On Sunday night red-eye flight back to New York, her mind was racing. Idea of creating something of her own as her career fascinated her. How could she create something that provide the same type of freedom and inspiration? She gave herself two weeks to come up with an idea for something she would be passionate about creating. 

Back in NYC, as she settled into the week, she opened her laptop and looked for a ballet class to attend. She searched websites for different studios across the city, comparing schedules, researching their instructors, mapping out their locations. Two hours later looked up and had thirty browser tabs opened and realized she wasted her afternoon without finding anything. Entrepreneurial epiphany: why wasn’t there one place you could go to find and book classes?

This was the earliest inkling for ClassPass, an app to give people the opportunity to keep moving and try new things, and as a business, it became a new path for my life that aligned my calling with my career. 

Leaving Warner:
Created business plan and built up courage to leave her job. The day she quit got a message from the vice chairman of Warner asking her to come to his office. He wanted to hear about what she was doing next. He told her he wanted to invest, gave her a check for $10k and introduced her to David Tisch, who was heading up Techstars (one of hottest tech incubators in NYC). 

ClassPass:
Built beautiful product, homepage colors were just right, launched to fanfare and publicity, but then zero bookings came through. Social media, brand partnerships, press hits were not leading indicators of success. The false signals of success shielded them from seeing the real problems right in front of them. Hadn’t fully understood the challenges our customers were facing in getting to class. Reservations were the most important metric. 

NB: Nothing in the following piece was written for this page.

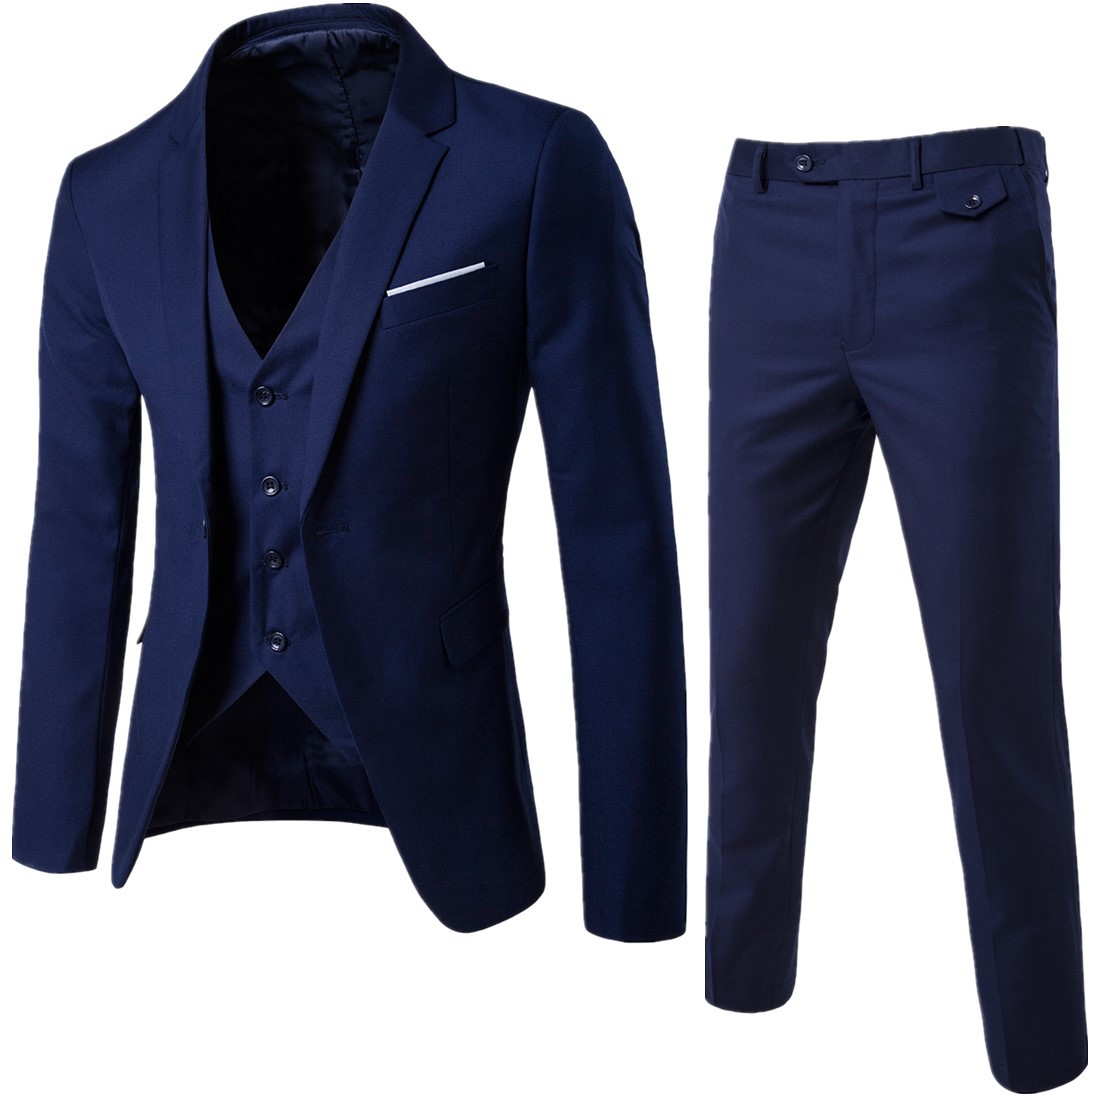 Spring new suit suit men's 2019 Korean slim stripe suit three piece business dress suit for men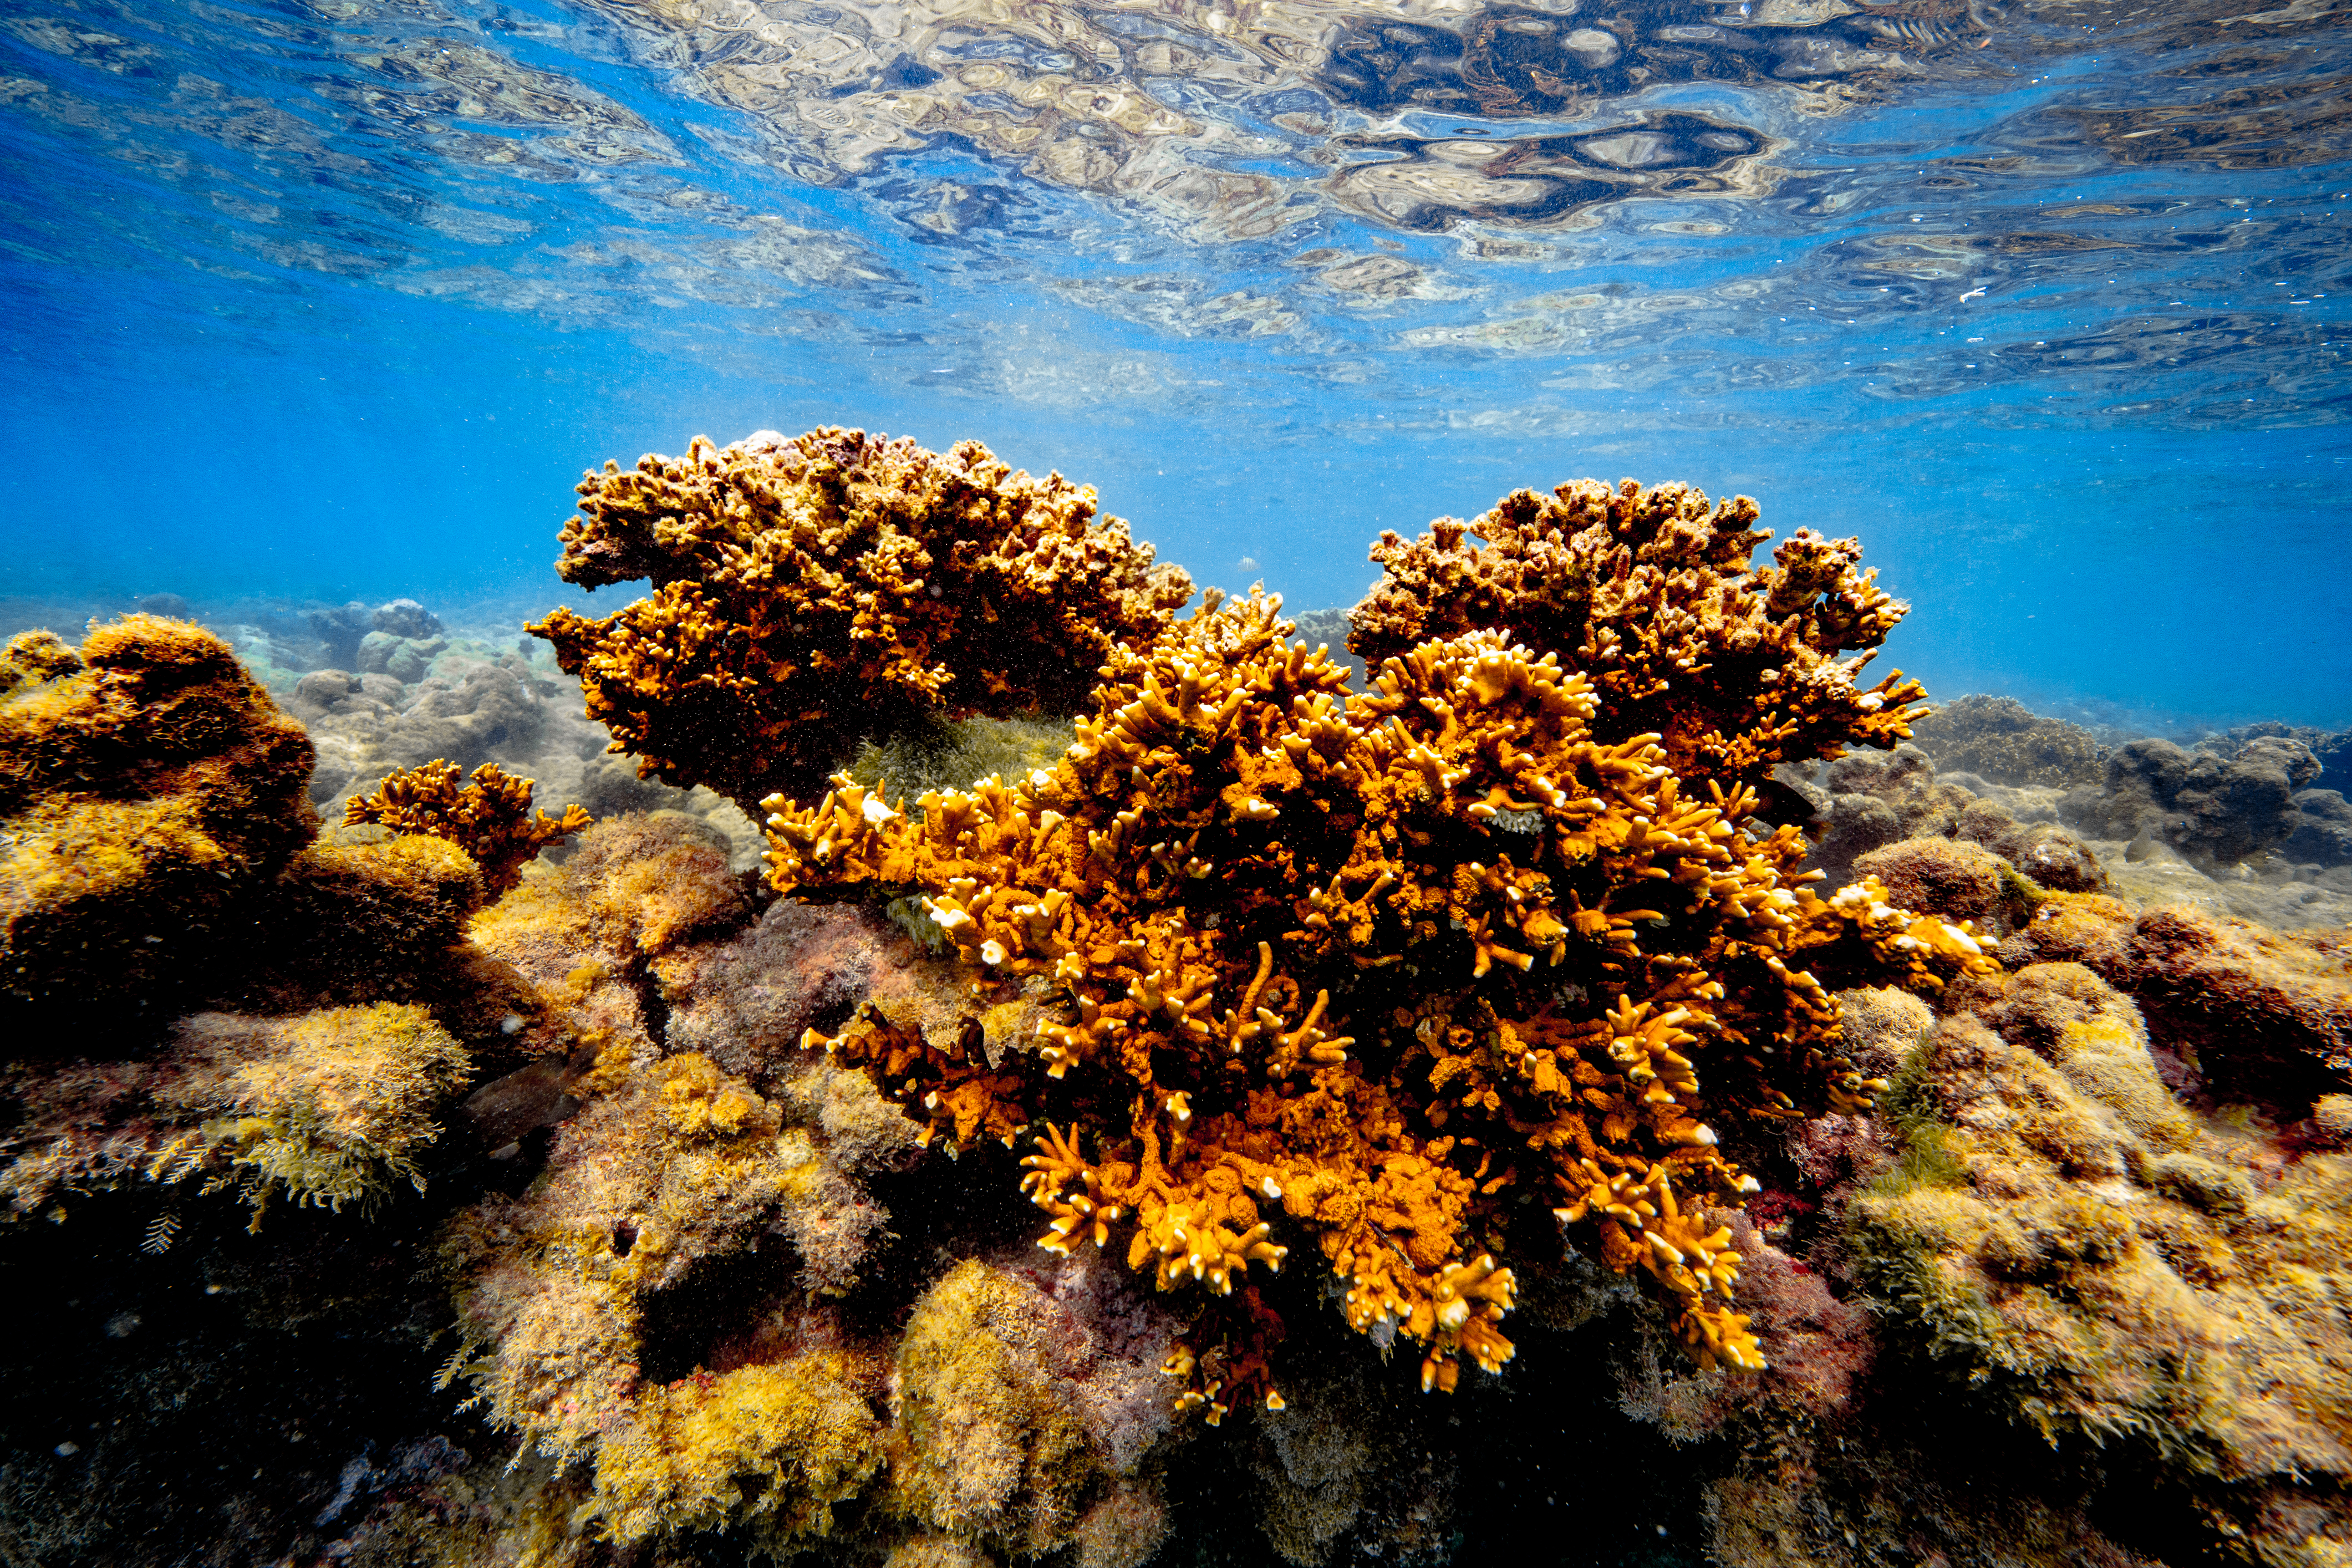 Os recifes de corais funcionam como uma barreira, reduzindo a energia e altura das ondas (Foto: Filipe Cadena/Fundao Grupo Boticrio)

1.5 years after visiting SF, went back to try to raise capital, met with big-name VC firms. None of them wanted to give her money. And no one was signing up for classes on their website. Sent email blast to 10k subscribers asking people to sign up for a free class, and not a single person converted. 

Decided to launch something new with a value prop that was more enticing. There wasn’t anything motivating customers to book classes through their site. Passport idea allowing them to bundle together trial classes at different studios to explore new classes over the course of a month. But this was only available to new customers for first month. Sales improved but then people dropped out or used new emails to sign up for another month, upsetting the studios when people returned at discounted prices after their initial trial. 

Eventually pivoted into a subscription service for fitness classes that allowed customers to return to classes they liked and continue exploring month after month.

Years later ClassPass was acquired by Mindbody, thanks to a connection and partnership she cultivated with Rick Stollmeyer (their founder) in the early days.